Even those who are critical of the exam agree that it helps prevent corruption in the admissions process by preventing Communist Party officials, for example, from pressuring admissions officers to admit their children.
Given that most of the higher-education reforms called for by academics, such as decreased emphasis on research and changes to the admissions process, require government approval, some scholars wonder how much progress Chinese universities can truly make. The Ministry of Education and the central and local governments control budgets, determining which institutions will grow and which will not. They also set salaries and can decide who gets hired or fired. Such controls discourage innovation and stifle change, some academics say.
"Why is it that education in China has not developed as quickly as the economy?" asks Yang Deguang, a former president of Shanghai Normal University and executive director of the Higher Education Society of China. "It's because of traditional thinking. Planned-economy thinking still exists."
Changes are on the way, however. University administrators, worried about the stresses imposed by significant enrollment increases in recent years, welcomed the government's decision in May to reduce admissions as a way to improve teaching conditions and ease rising unemployment rates among recent graduates.
He Xiangmin, dean of the School of International Education at the University of International Business and Economics, in Beijing, says his university has slashed the number of required courses from 160 to as few as 120 over the past year. Master's-degree programs — with the exception of law — have been cut from three years to two.
Universities are also experimenting with different educational models. Fudan University, which celebrates its 101st anniversary this year, has set up Fudan College, in which freshmen spend a year taking general courses in both arts and sciences before moving on to their majors. About 30 percent of students change their concentrations at the beginning of their sophomore year. In the traditional higher-education system, undergraduates must choose their majors before leaving high school, and it is difficult to switch once in college.

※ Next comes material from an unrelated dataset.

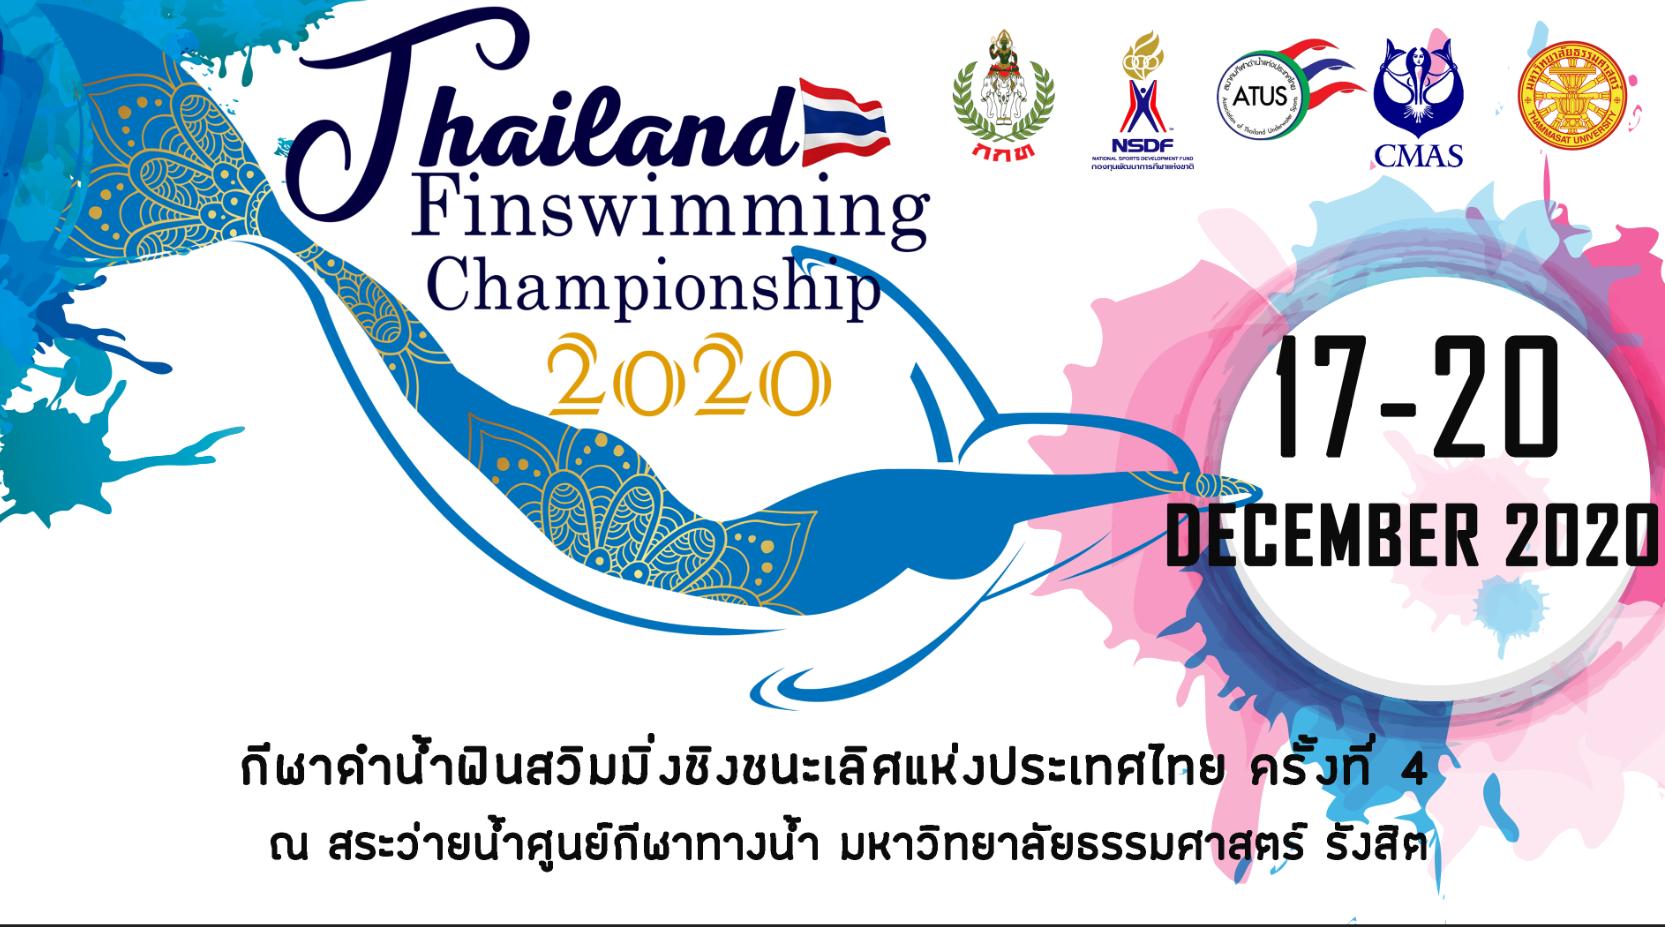 การแข่งขันกีฬาดำน้ำฟินนสวิมมิ่งชิงชนะเลิศแห่งประเทศไทย ครั้งที่ 4 ประจำปี 2563

Universities are also looking outside the country for professors, with some institutions offering salaries as high as $60,000, and double that for well-known M.B.A., engineering, and science professors. Peking University sweetens its already competitive salaries with a $50,000 settling-down fee and a house. The dean of law at one university is paid a whopping $625,000 per year, says an official familiar with the terms of the deal.
"In China knowledge makes money, and we're not afraid to pay whatever they're worth," says Mr. He.
Still, academics here have no illusions about the road ahead.
With a strong effort, either Peking University or Tsinghua University could make the leap to the world's 200 top-ranked institutions in 10 years, and to the top 100 in 15 to 20 years, says Mr. Hu, of the Shanghai academy. "The best universities took 200 to 300 years to do this. The Nobel laureates of today are the product of decades of work."
Despite his criticism of Tsinghua, Mr. Wang, the Ph.D. student, says he is optimistic. He pins his hopes on "the next, or the next, next generation" of students and professors, who, he says, will be more open-minded.
In the meantime, he is spending his time working at a video-gaming company in the Zhongguancun section of Beijing — dubbed China's Silicon Valley — killing time until the letters arrive from several American graduate schools. "I think there's hope for change," he says smiling from behind his large glasses. "But I don't have time to wait."